- Born: Rosina DePella October 27, 1916 New York City, US
- Died: July 29, 1972 (aged 55) Toledo, Ohio, US
- Other name: "Queen of Burlesque"
- Occupations: Stripper, burlesque star, actress, businesswoman
- Years active: 1931–1972
- Spouse(s): J. Harrington Price Francesco Ruocco
- Modeling information
- Height: 5 ft 4 in (1.63 m)
- Hair color: Brunette

= Rose La Rose =

American burlesque dancer and actress

Rose La Rose (October 27, 1916? – July 27, 1972) was an American burlesque dancer, film actress, and stripper nicknamed the "Queen of Burlesque," the title of a 1946 Hollywood film in which she appeared.

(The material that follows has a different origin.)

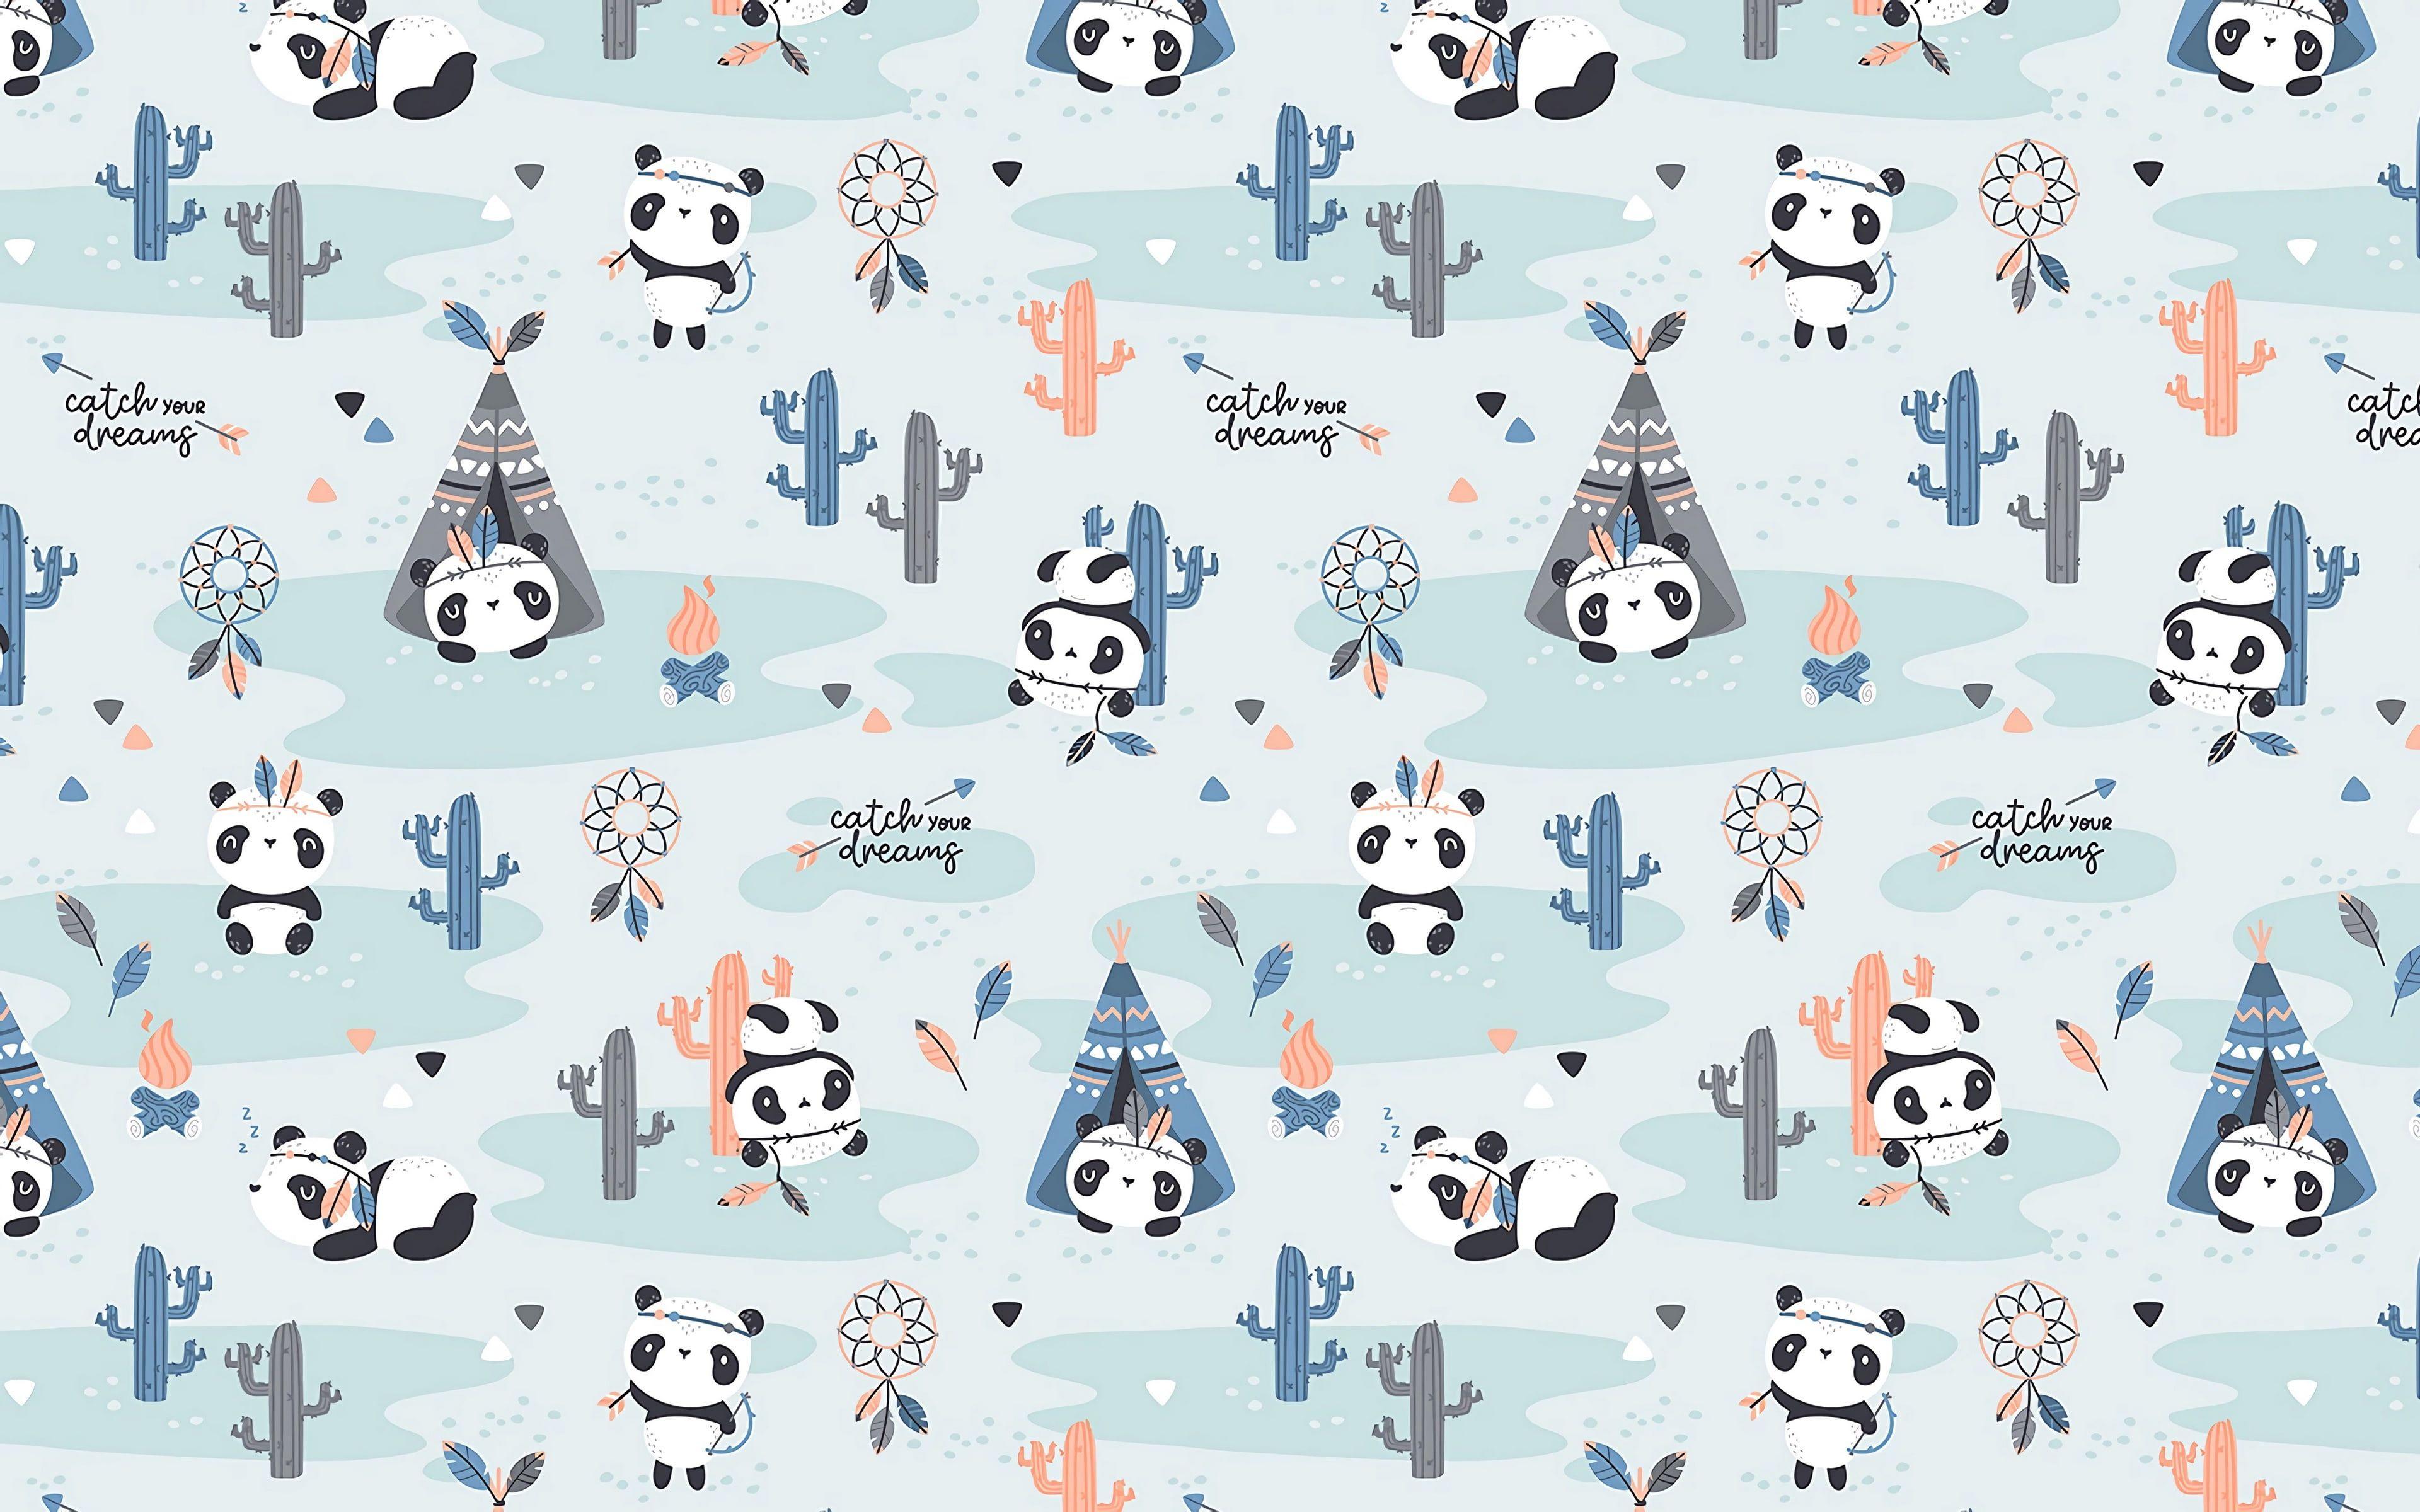 Pattern Textures Funny Cute 4k Ultra Hd Background Pandas 4k Wallpaper Hdwallpaper Desk Textile Pattern Design Surface Pattern Design Panda Wallpapers

She was one of the rare women on the burlesque circuit to evolve from performer to theater owner when, later in her life, she traded her performing career for that of owner and operator of two Toledo, Ohio, burlesque theaters.

== Early years ==
Various sources list her birth year as 1913, 1916, or 1919. According to her public relations manager, Eddie Jaffee, she attended Textile High School in New York City. From the age of 15, she worked as a $22‐a‐week cashier in H. K. Minsky's Republic Theater on West 42nd Street.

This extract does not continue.